Die mobile Gesellschaft fordert auch bei der Ernährung ihren Tribut. Das zeigt die Ernährungsstudie “Iss was, Deutschland?” der Techniker Krankenkasse (TK). Gerade junge Menschen sind beim Essen kaum noch bei der Sache. Vier von zehn jungen Erwachsenen essen mit der Gabel in der einen und dem Smartphone in der anderen Hand – und nebenbei läuft der Fernseher. Unterwegs gibt’s dann auf dem Weg zur S-Bahn noch eine Pizzazunge, bei jedem dritten unter 25-Jährigen sogar mindestens dreimal die Woche.
Dr. Jens Baas, Vorstandsvorsitzender der TK: “Ernährung muss in unserem Alltag wieder mehr Raum bekommen. Dabei geht es nicht um stundenlange Zeitfenster, sondern darum, dass man in dem Moment bei der Sache ist”, so Baas bei der Vorstellung der Studie in Berlin. Der 38-seitige Studienband mit allen Ergebnissen steht ab sofort frei zugänglich bei der TK im Internet.

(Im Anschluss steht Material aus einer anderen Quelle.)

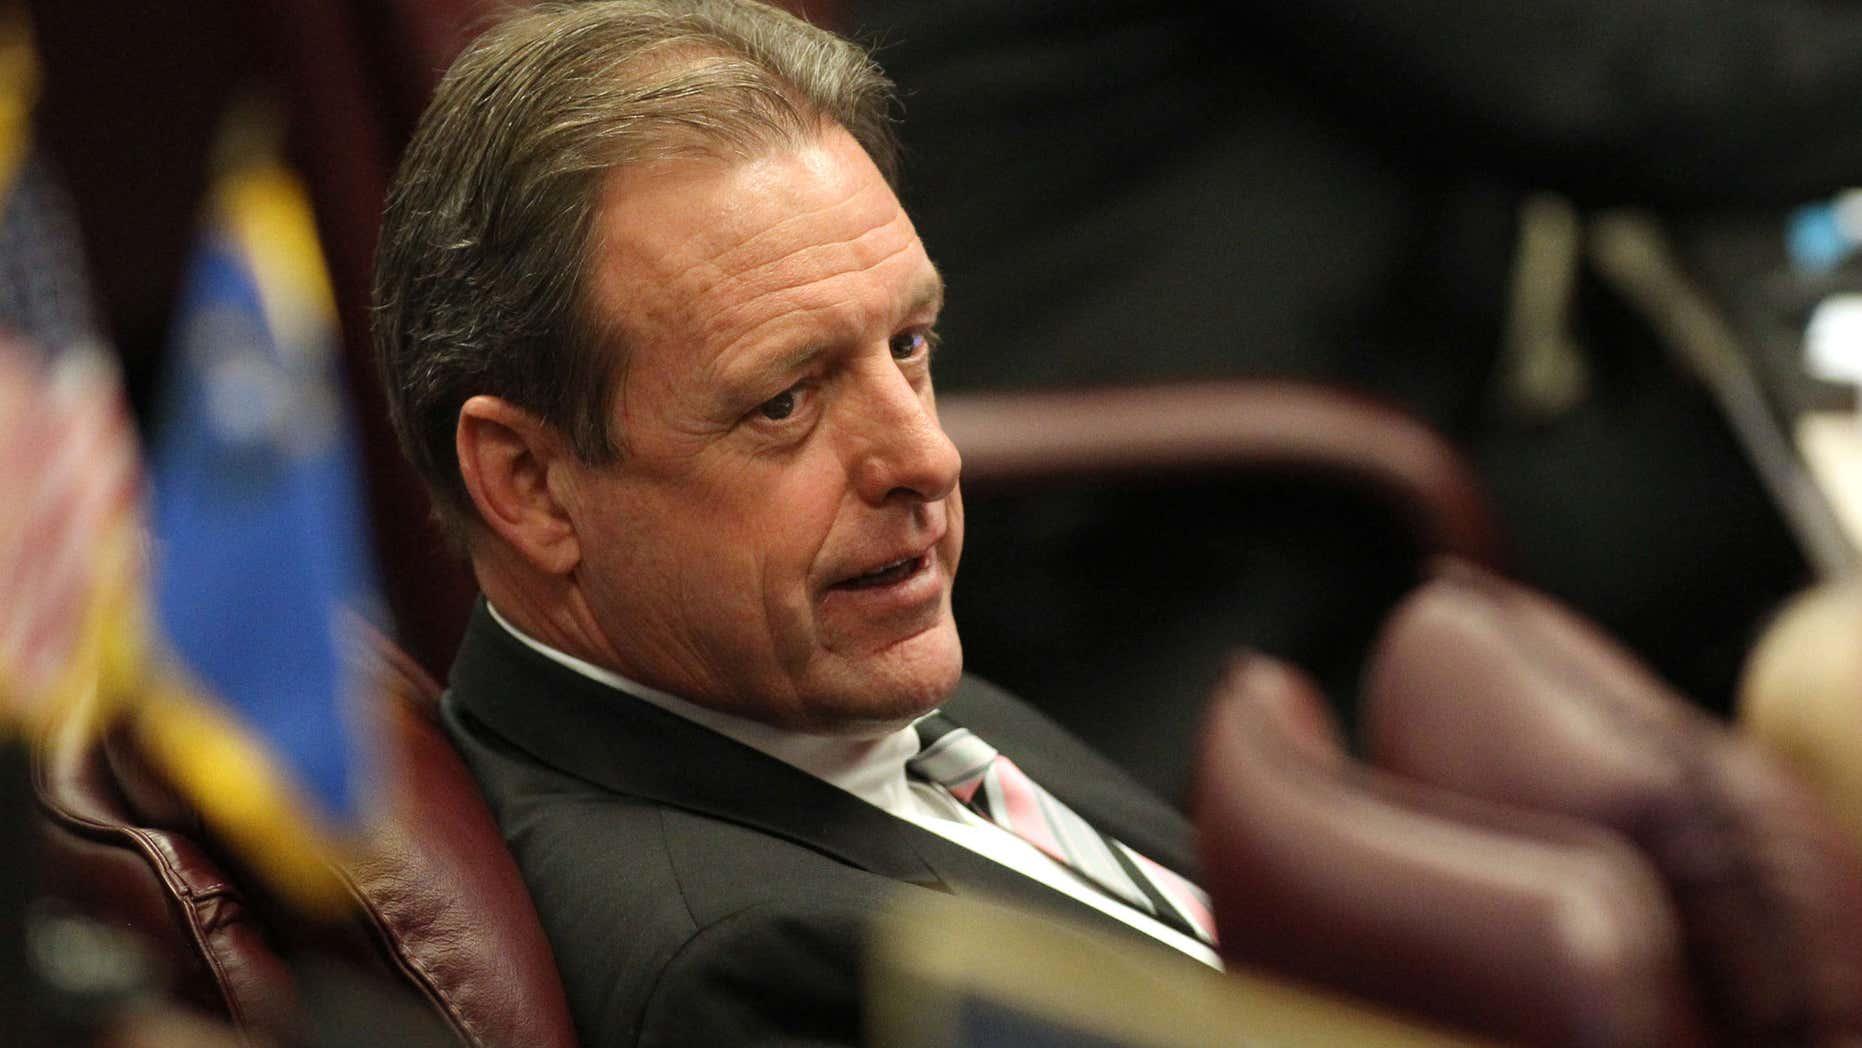 May 23, 2011: Former Nevada Sen. John Lee, D-North Las Vegas, at work on the Senate floor at the Legislature in Carson City, Nev.

Die Studie im Detail: Bei den Berufstätigen fällt es immer mehr Menschen schwer, eine gesunde Ernährung mit ihrer Arbeit zu vereinbaren. Nur jeder Zweite kann in seinen Arbeitspausen tatsächlich in Ruhe essen. “Ein Drittel aller Berufstätigen beklagt, dass eine gesunde Ernährung bei seiner Arbeit schlichtweg nicht möglich ist”, sagt Professor Manfred Güllner, Geschäftsführer des Meinungsforschungsinstituts Forsa, das für die TK bevölkerungsrepräsentativ 1.000 Erwachsene zu ihrem Essverhalten befragt hat. Die Hauptprobleme mit dem Essen bei der Arbeit: die begrenzte Auswahl und fehlende Zeit. Statt “Fünf am Tag” ist der Ausweg für viele: “Vier von zehn befragten Berufstätigen geben an, dass sie bei der Arbeit nicht viel essen, dafür dann aber abends zu Hause reichlich”, so Güllner.

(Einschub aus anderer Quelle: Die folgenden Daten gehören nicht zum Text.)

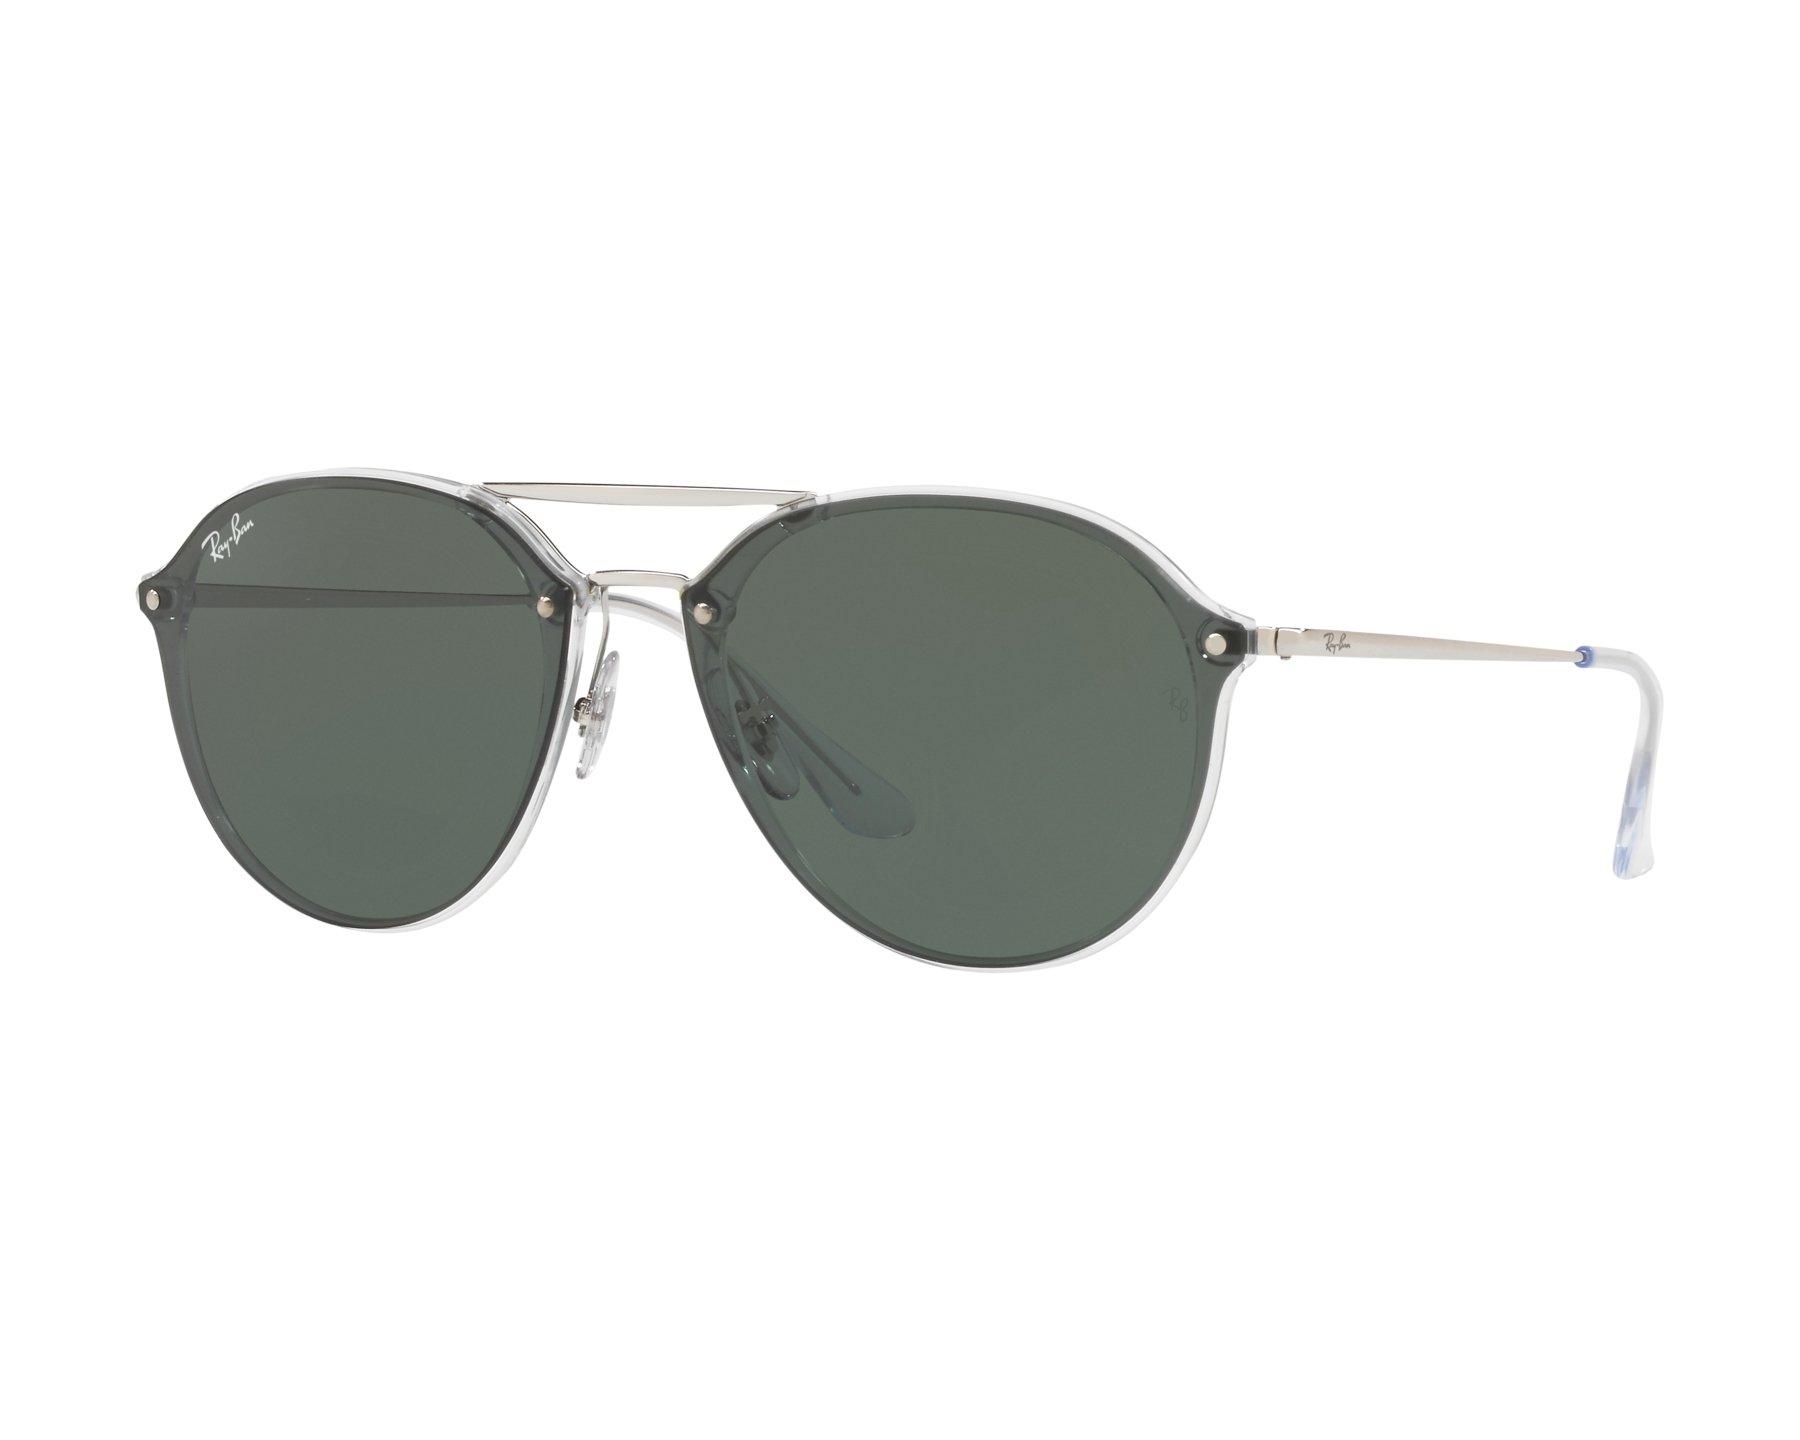 f3f0e85d8e5cae Sunglasses Ray-Ban RB-4292-N 632571 62-14 Silver Crystal

Nur für jeden zweiten Menschen in Deutschland hat das Essen einen hohen Stellenwert. Und nur jeder Vierte gibt an, dass er sich konsequent gesund ernährt. Die Folge: Nur in der Hälfte aller Haushalte gibt es noch täglich ein selbstzubereitetes Mahl. Dafür kommen immer öfter schnelle Fertiggerichte auf den Tisch: Im Bevölkerungsschnitt greifen vier von zehn Menschen mindestens ein- bis zweimal die Woche zu Tütensuppe oder Tiefkühlpizza.
Die größte Hürde auf dem Weg zu einer gesünderen Ernährung ist die tickende Uhr: Die Hälfte der Bevölkerung nennt fehlende Zeit und Ruhe als Hauptgrund – von den unter 25-Jährigen sogar fast drei Viertel. Daneben siegt auch der innere Schweinehund oft gegen die guten Vorsätze. Von den Geringverdienern gibt zudem mehr als jeder dritte fehlendes Geld als Hindernis an. Ernährungsmedizinerin Dr. Ute Gola ist überzeugt: “Gesund zu essen, ist nicht allein Frage des Geldbeutels. Es geht darum, Verantwortung für die Gesundheit des eigenen Körpers zu übernehmen.” Deshalb setzt die Leiterin des Berliner Instituts für Ernährung und Prävention in Kooperation mit der TK darauf, möglichst früh und direkt auf die Lebenssituation der Menschen einzuwirken – in den Kitas und Schulen, in den Familien und vor allem in den Betrieben.
TK-Chef Dr. Jens Baas: “Wenn wir eine Gesellschaft wollen, die länger und gesünder lebt, müssen wir uns stärker darum kümmern, was wir essen und wie wir essen. An beiden Punkten können und müssen wir ansetzen.” Er sieht dabei alle gefordert: den Staat, die Krankenkassen und -versicherungen, Unternehmen, Schulen, Länder und Gemeinden, Ärzte – aber auch jeden Einzelnen. “Denn Bewusstsein kann man vermitteln, aber nicht verordnen”, so Baas.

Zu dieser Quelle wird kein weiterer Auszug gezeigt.